O prefeito afastado de Cuiabá, Emanuel Pinheiro (MDB) protocolou um recurso no Superior Tribunal de Justiça (STJ), nesta segunda-feira (15) para tentar reverter a decisão do Tribunal de Justiça de Mato Grosso que determinou o afastamento do político de suas funções.

O recurso denominado “Suspensão de Liminar ou de Sentença” foi distrubuído ao presidente da Corte, ministro Humberto Martins.

No recurso, assinado pelos advogados Matheus Macedo e Yasmin Brehmer Handar, Emanuel argumenta que a decisão do TJMT causou grave lesão à ordem pública em razão de que afastou o prefeito legitimamente eleito por motivos que, para ele, não se sustentam.

A defesa do emedebista pontua três fatores que foram decisivos para o afastamento, mas que seriam improcedentes:

1º – que o número de servidores temporários tenha crescido em relação a gestões anteriores;

2º – que haja efetiva ingerência do Requerente nessas contratações/pagamentos;

3º – que se demonstre alguma evidência do ganho político decorrente das contratações.

“(…) a decisão impugnada não logrou êxito em delinear qual seria a efetiva ingerência do Requerente nas contratações de servidores temporários e nos pagamentos de prêmio saúde, porquanto, a priori, nenhuma dessas atribuições é de competência do Prefeito”, diz trecho do recurso.
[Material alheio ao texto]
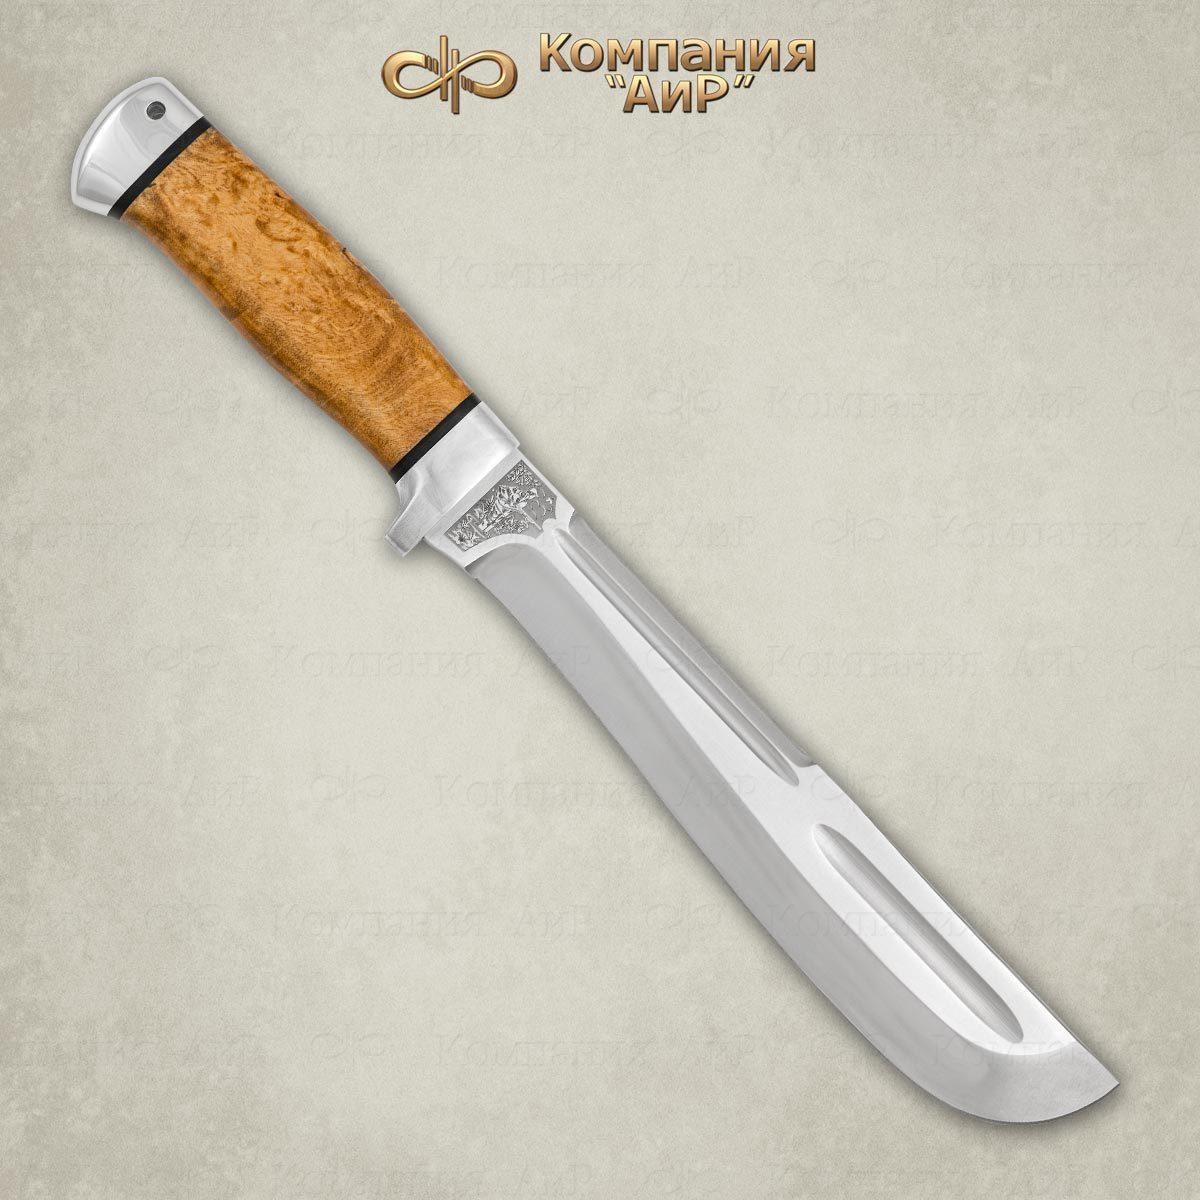 Мачете разделочный АиР Ицыл мачете, сталь 95х18, рукоять карельская береза мачете zombie killer
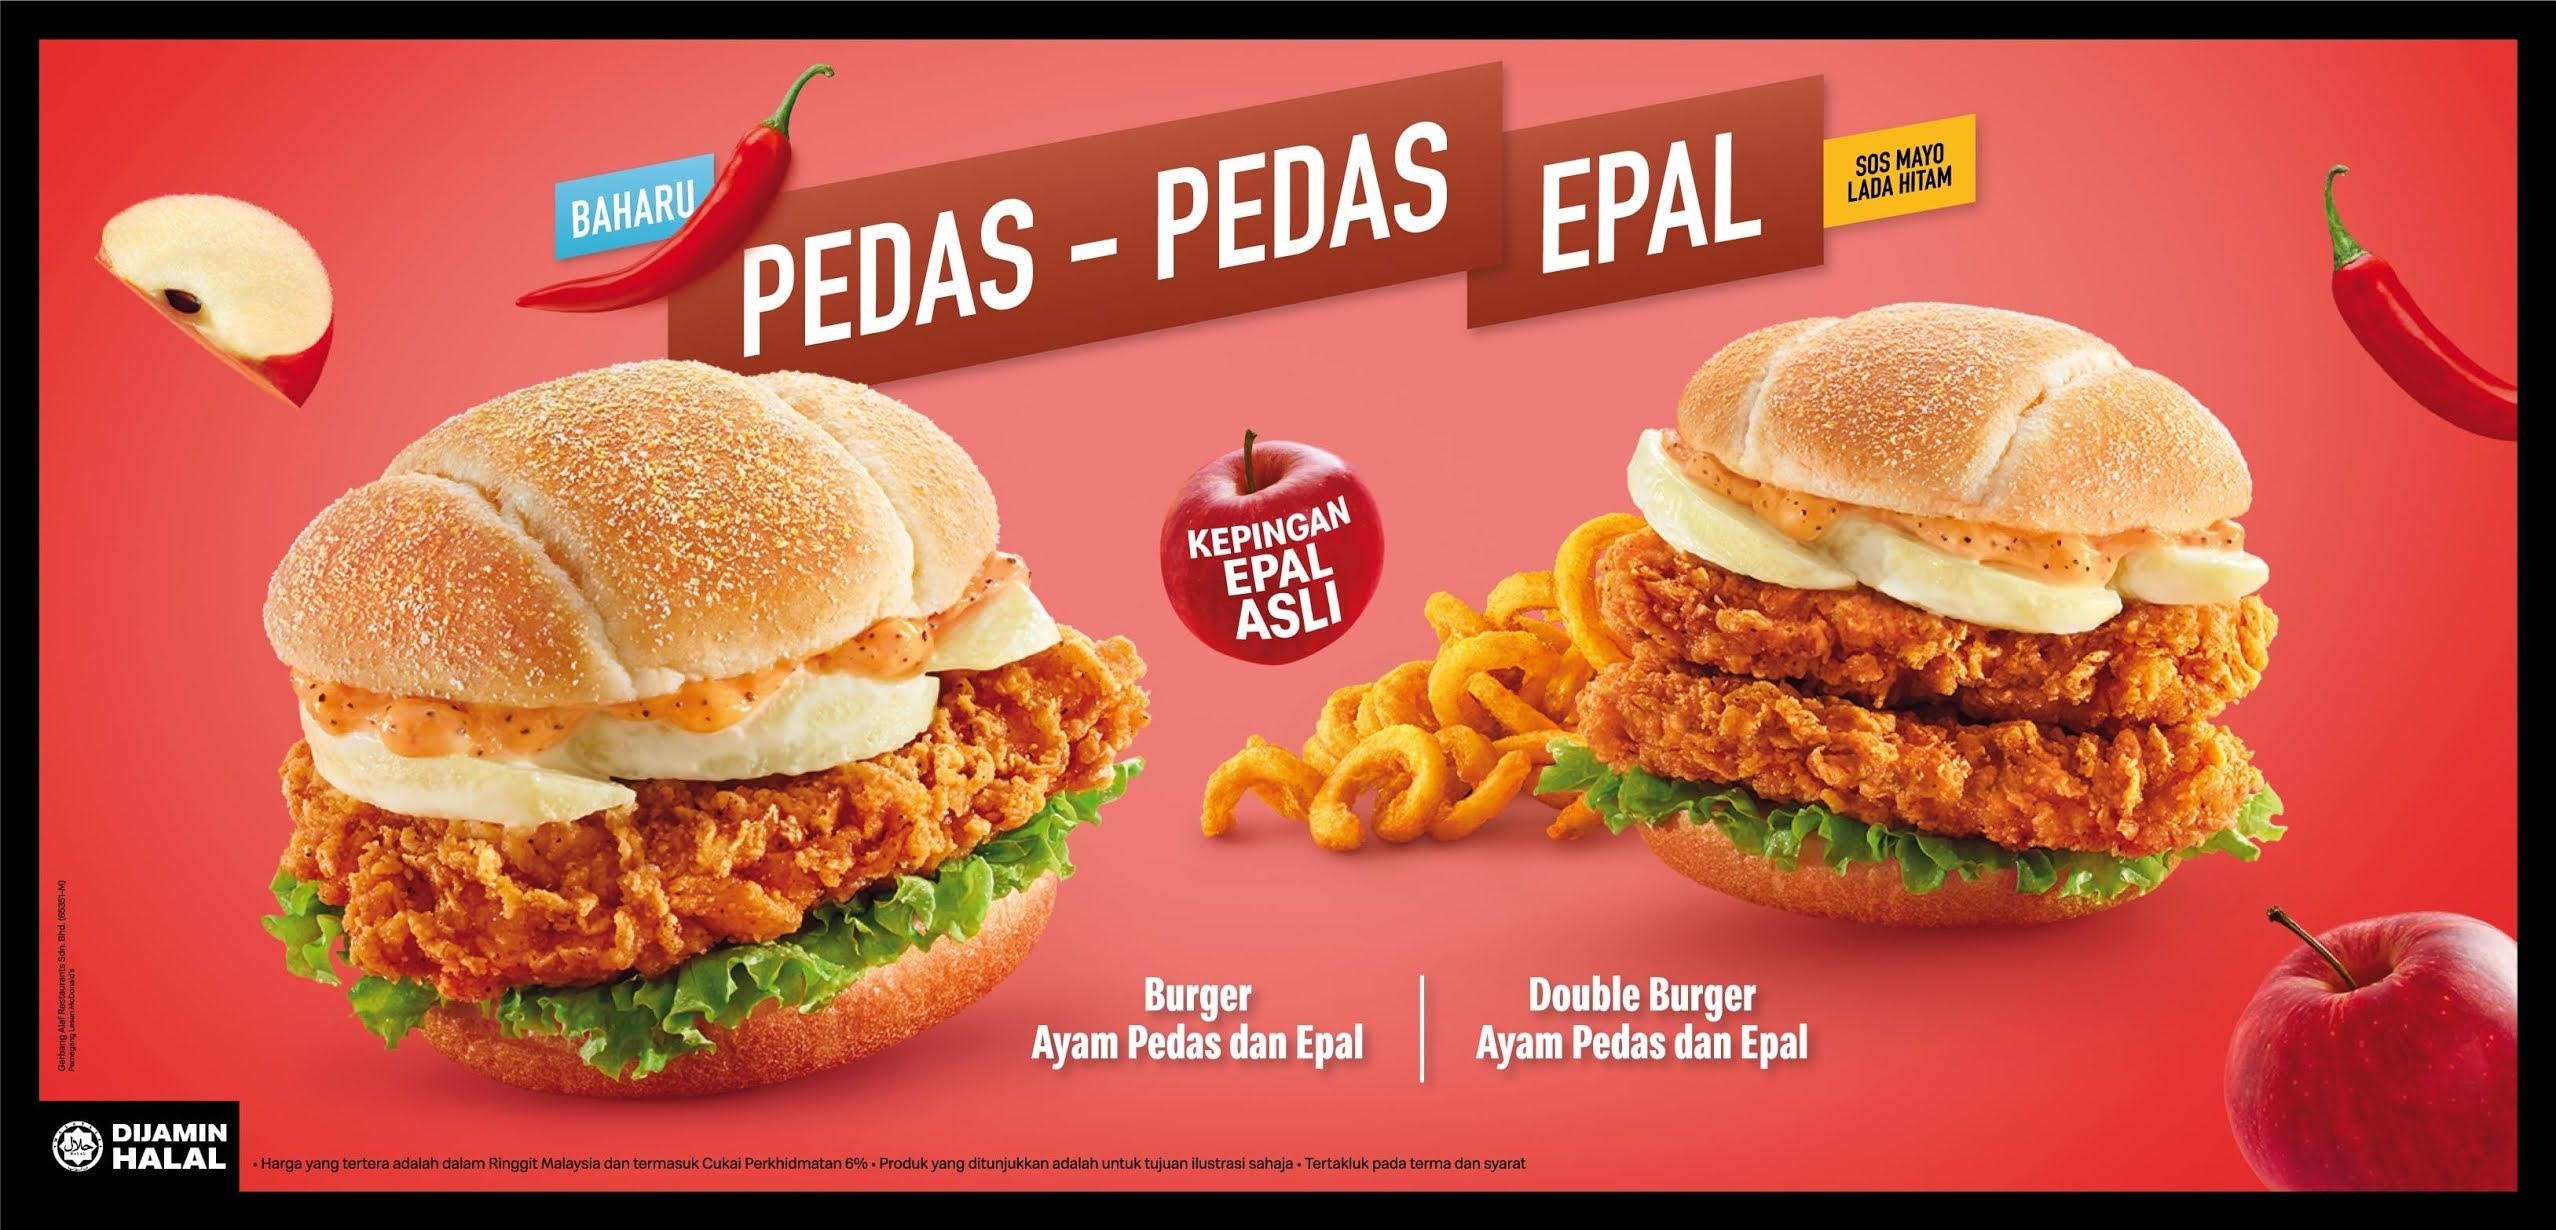 McDonald's Malaysia perkenal Burger Ayam Pedas dengan Hirisan Epal

A defesa de Emanuel também demonstrou que, ao contrário do que afirma o Ministério Público Estadual (MPE), a atual gestão trabalhou para resolver os problemas das contratrações temporárias de acordo com a capacidade financeira da Prefeitura de Cuiabá.

Para isso, o prefeito afastado mostrou um quadro onde mostra o número de processos seletivos simplificados realizados pela atual gestão.

Emanuel também pontuou que o problema das contratações temporárias é herdado de seus antecessores.

“(…) a contratação de funcionários temporários na Secretaria Municipal de Saúde de Cuiabá é um problema que foi herdado pelo Requerente de seus antecessores, conforme expressamente reconhecido pelo Ministério Público no âmbito da já mencionada Medida Cautelar nº 47.520/2021”, argumentou.

“Exemplo disso é que a ação civil pública originária de todos os supostos descumprimentos perpetrados pelo Requerente (00201140-72.2009.8.11.0041) data do ano de 2009!”, completaram os advogados.

Ainda não há nenhuma decisão sobre o recurso.